* WHAT IS REQUIRED: Exactly how many lines in this material contain the string "Photographer"? Reply with the number alone.

* EXTRACTED ENTRIES:
----

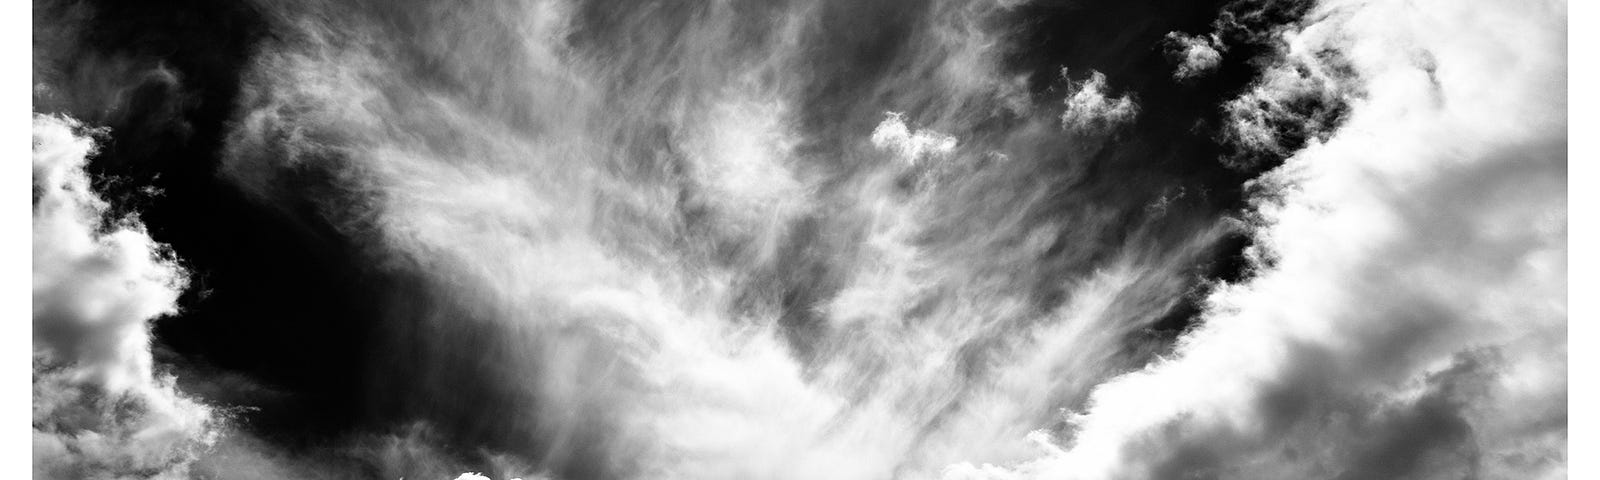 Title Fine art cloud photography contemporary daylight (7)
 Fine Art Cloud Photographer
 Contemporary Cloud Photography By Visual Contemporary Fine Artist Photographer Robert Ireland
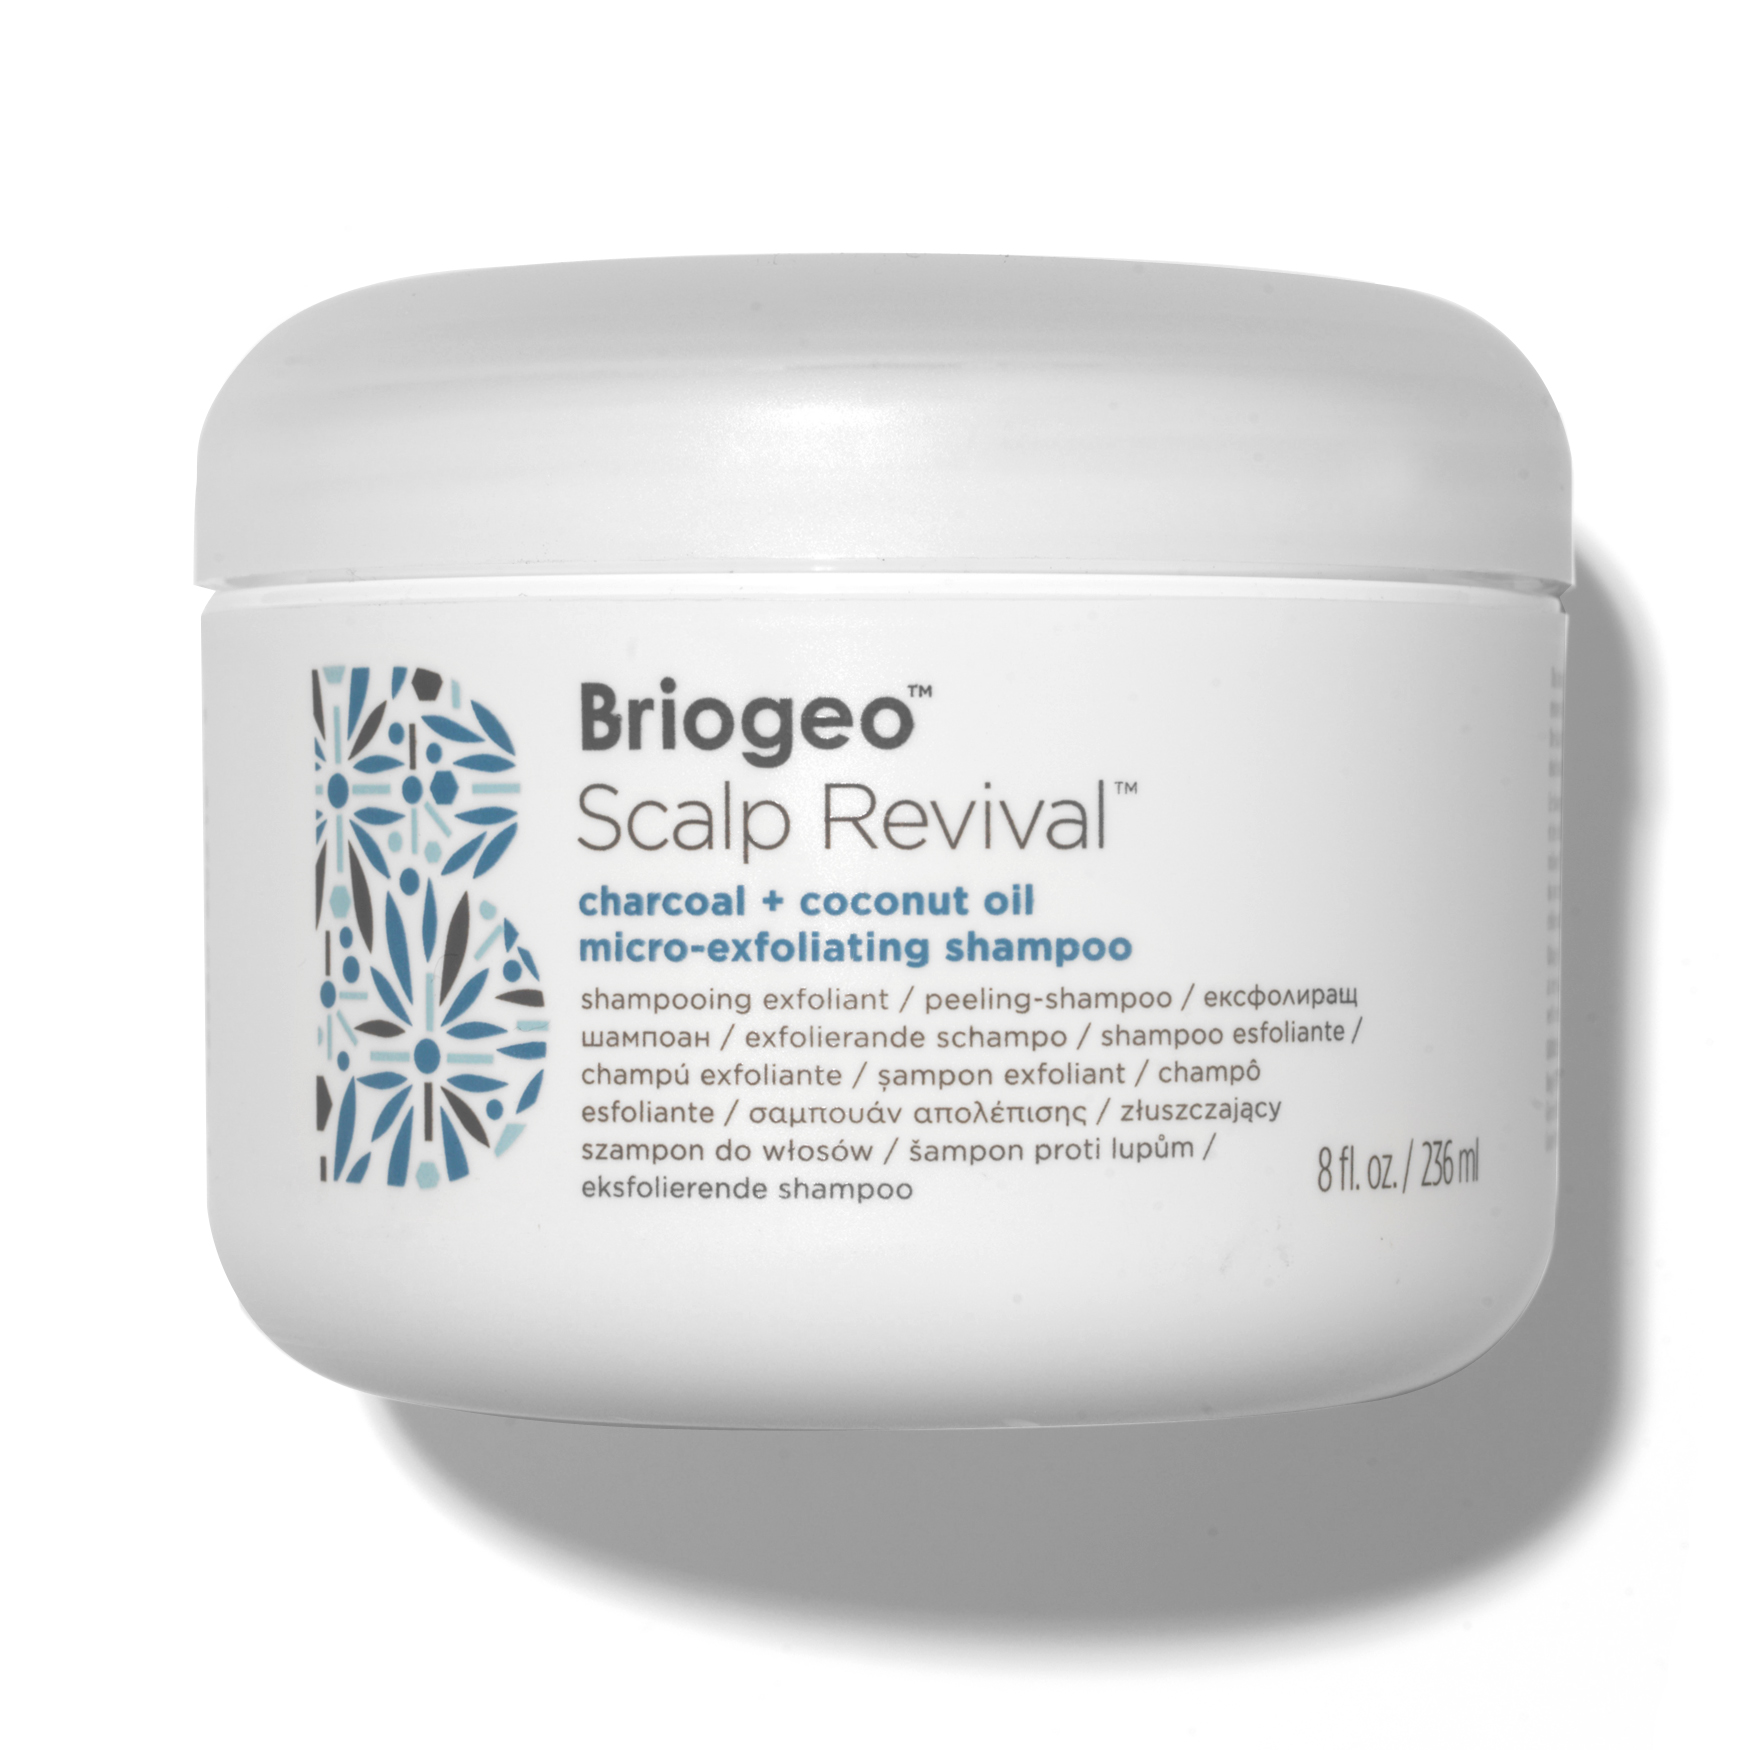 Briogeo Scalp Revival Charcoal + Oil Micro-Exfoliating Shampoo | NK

----

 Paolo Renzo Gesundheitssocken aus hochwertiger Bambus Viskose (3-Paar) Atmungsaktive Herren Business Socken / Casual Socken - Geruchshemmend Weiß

----

* SOLVED EXERCISE: 2